Mezzaroba é doutora em educação e realiza um trabalho que enfoca o bullying em duas escolas de Londrina, do sexto ano do ensino fundamental até o ensino médio. “O bullying está muito presente em Londrina e é uma realidade que conheço. Fizemos pesquisa de índices e comparados com outros países os dados são quase os mesmos. Essa prática está bastante presente em vários lugares. O problema é que muitos adultos colocam o bullying como uma brinca- deira de mau gosto, mas na verdade isso deixa marcas na vítima, como o rebaixamento de autoestima e da autoconfiança”, explicou.
Conselheiro tutelar da zona norte de Londrina, Eliseu Euclides Barbosa de Carvalho destaca que na região onde ele atua existem alguns desses casos que chegam ao órgão. “Quando essas ocorrências chegam aqui são em situações extremas. Acontece da criança se ausentar da escola e a direção envia um comunicado avisando a gente. Ou então há casos de familiar da criança vítima de bullying que procura o conselho porque alguém está denegrindo a imagem do filho, na maioria das vezes por preconceito”, relatou.
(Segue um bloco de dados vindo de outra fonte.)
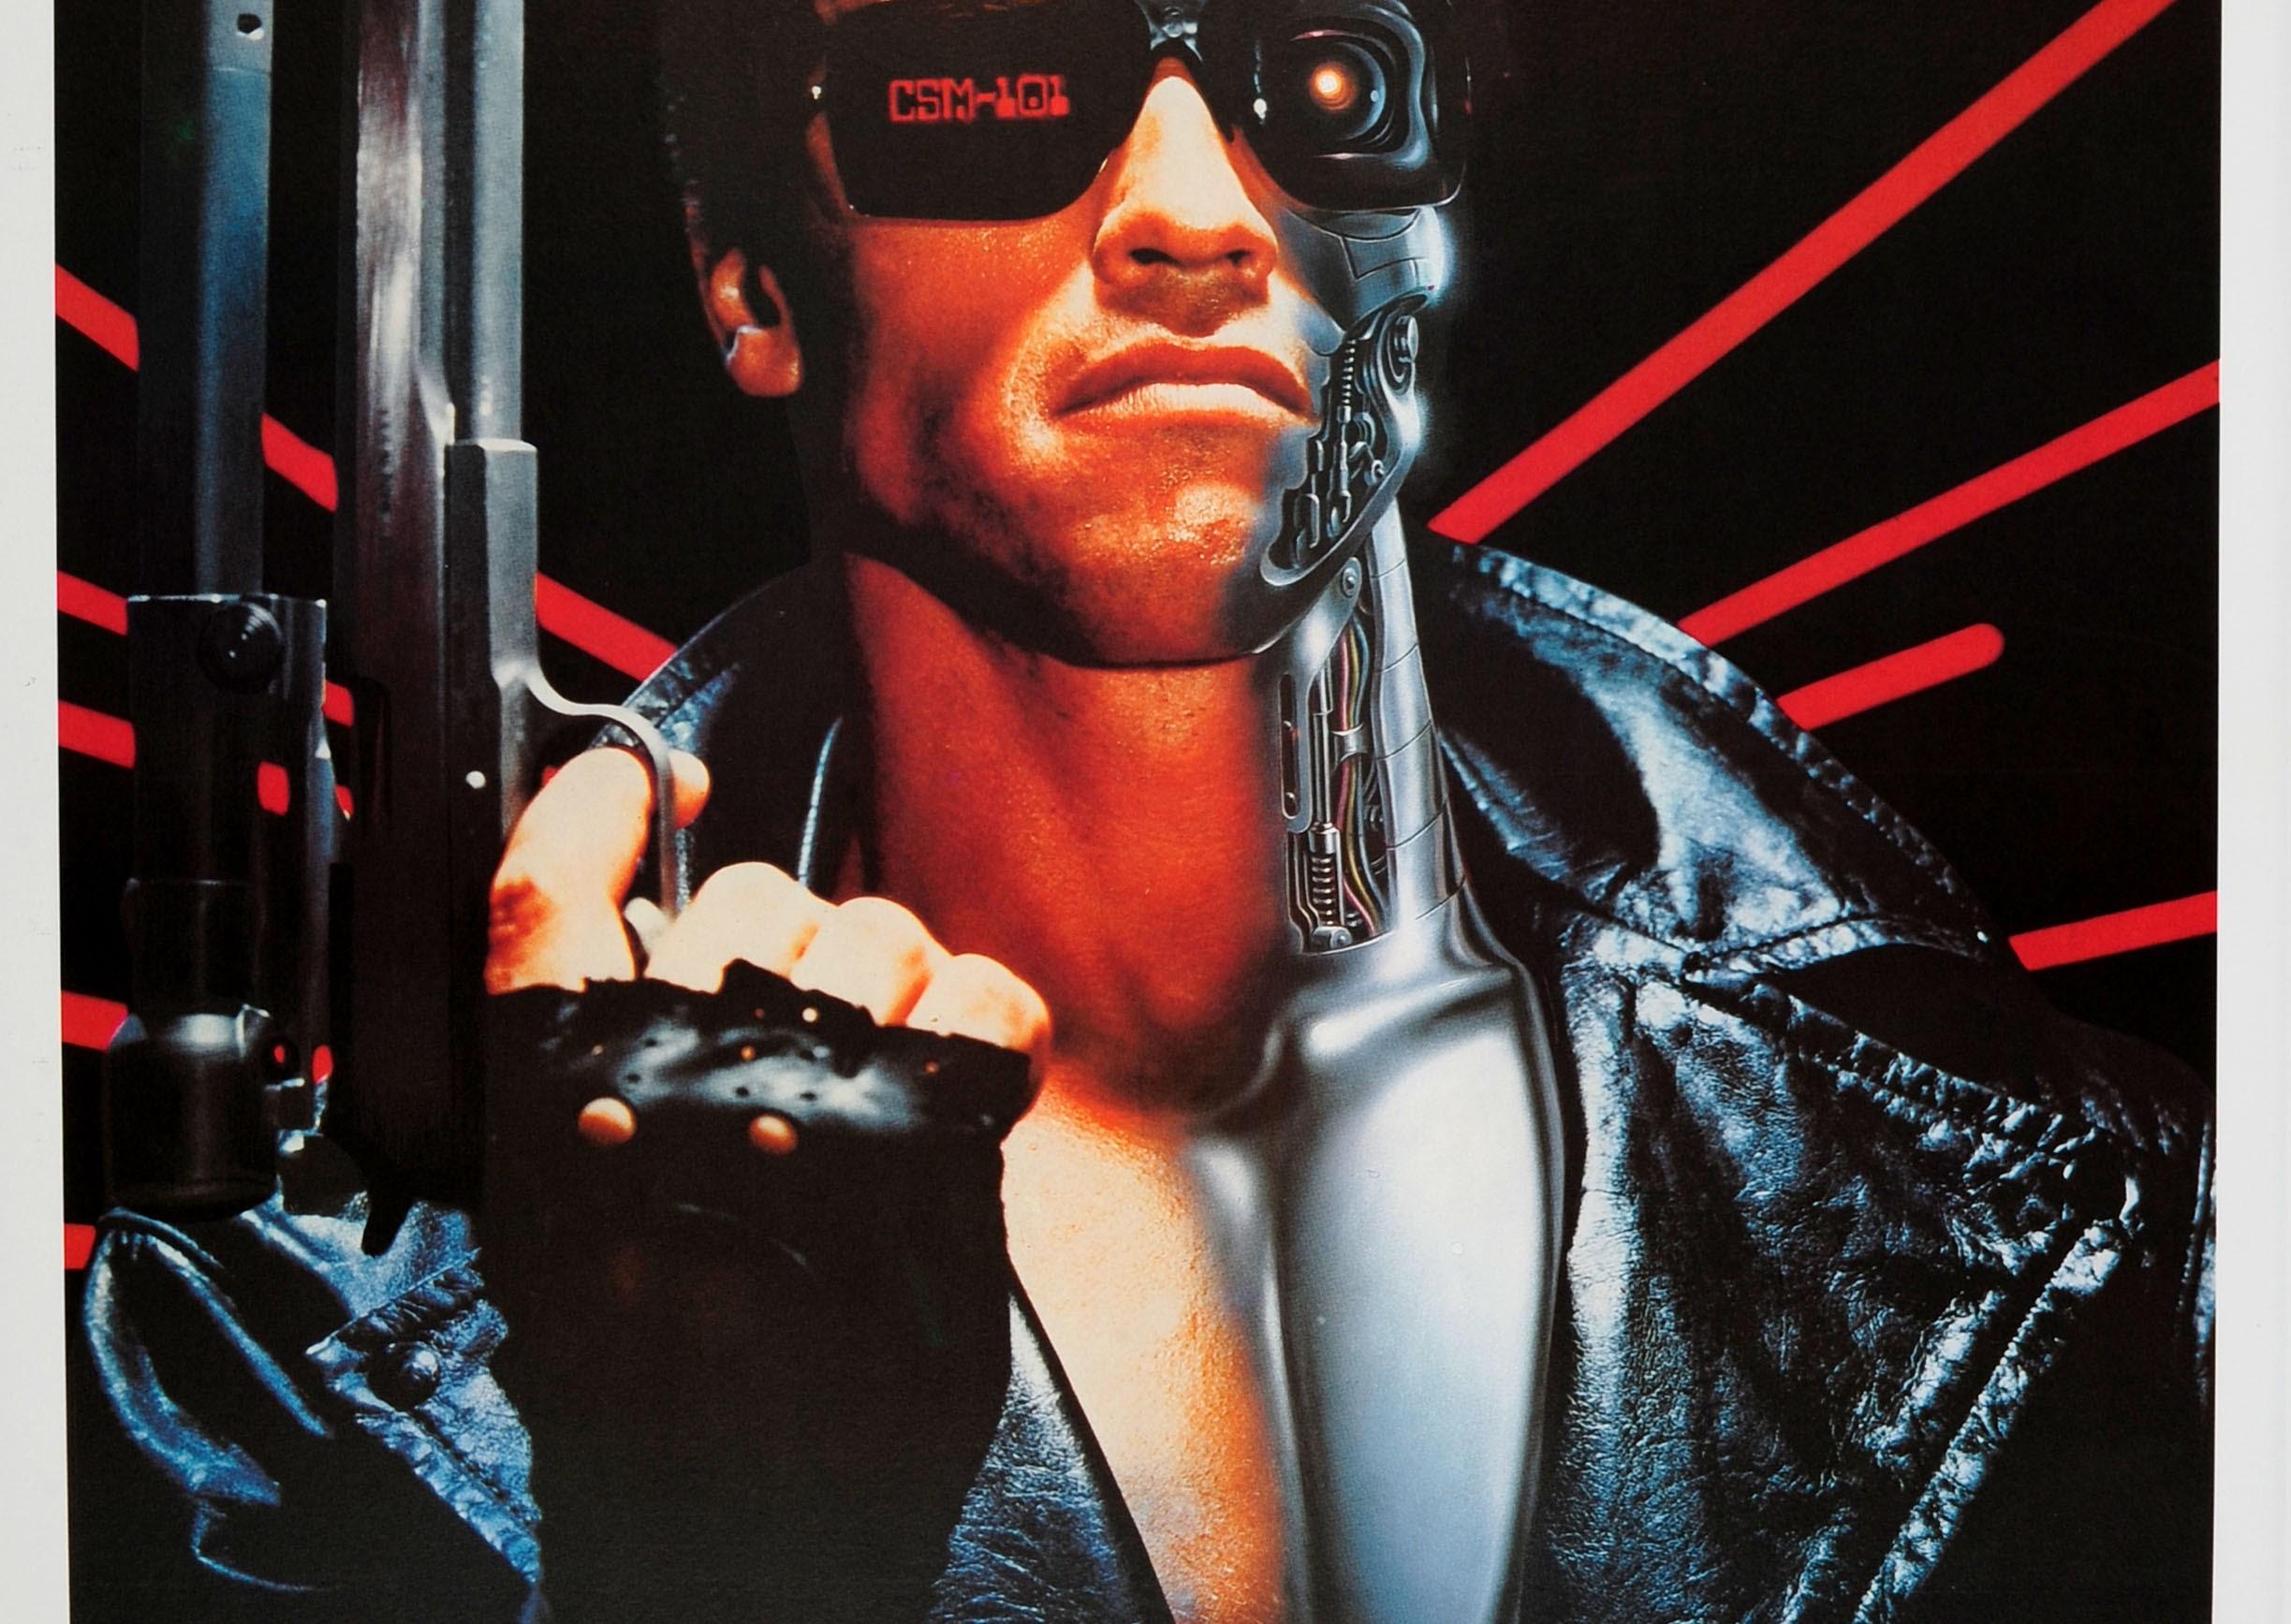 Original-Filmplakat für den italienischen Kinostart 1985 des amerikanischen Science-Fiction-Films The Terminator von 1984 unter der Regie von James Cameron mit Arnold Schwarzenegger in der Hauptrolle, Michael Biehn, Linda Hamilton als Sarah Connor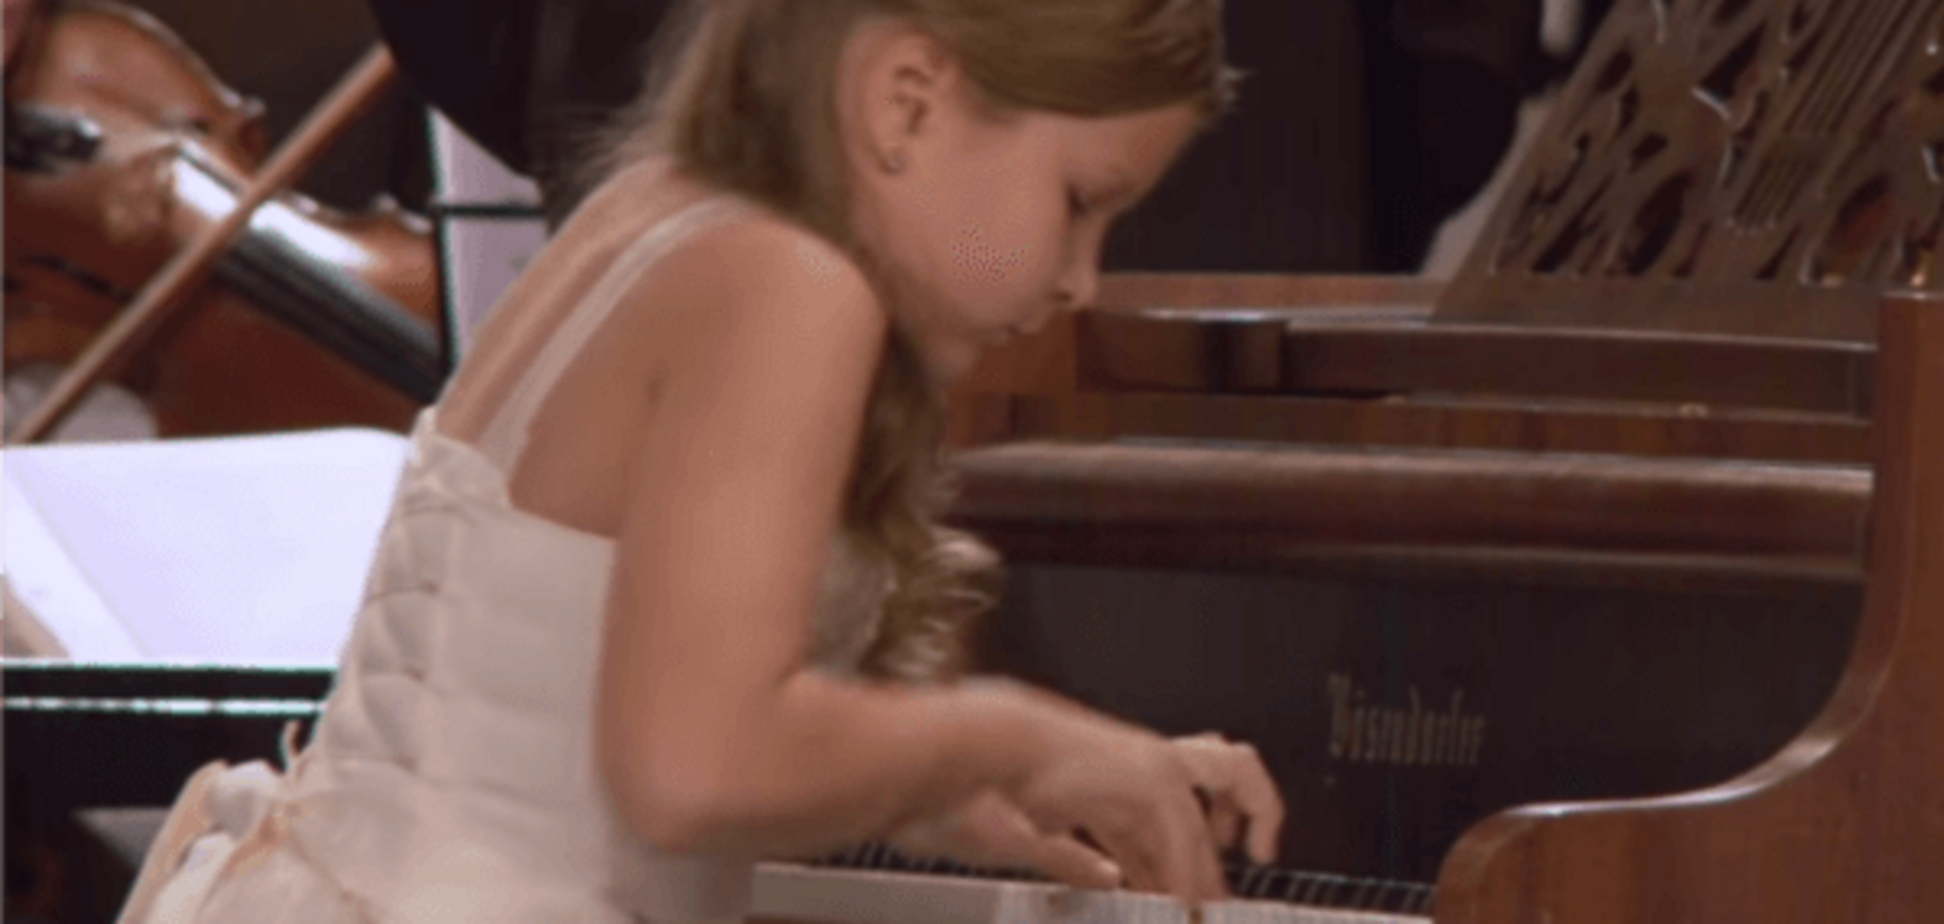 Земля талантов: юная крымчанка выиграла для Украины международный конкурс пианистов

Carvalho diz que os pais de vítimas dessas agressões demonstrando revolta, enquanto as crianças chegam “amedrontadas e humilhadas”. “O estado é de medo e impotência”, observou.
A professora Solange Mezzaroba não recomenda a repressão contra os agressores, com punições e repreensões, para acabar com o bullying. “Essas crianças e adolescentes muitas vezes vêm de locais onde os tratamentos são baseados na agressividade e tudo é resolvido na base da violência física e verbal. Se veem os pais lidando com os problemas de forma agressiva, acabam desenvolvendo uma taxa alta de agressividade. Ou então essas pessoas foram alvos de agressões”, explicou.
Mezzaroba destaca que, se a escola ou os pais aplicarem punições contra o agressor, ele pode se revoltar e revidar contra a vítima. “Em vez disso, a escola e os pais devem questionar se o agressor gostaria que o bullying fosse feito contra ele”, aconselhou.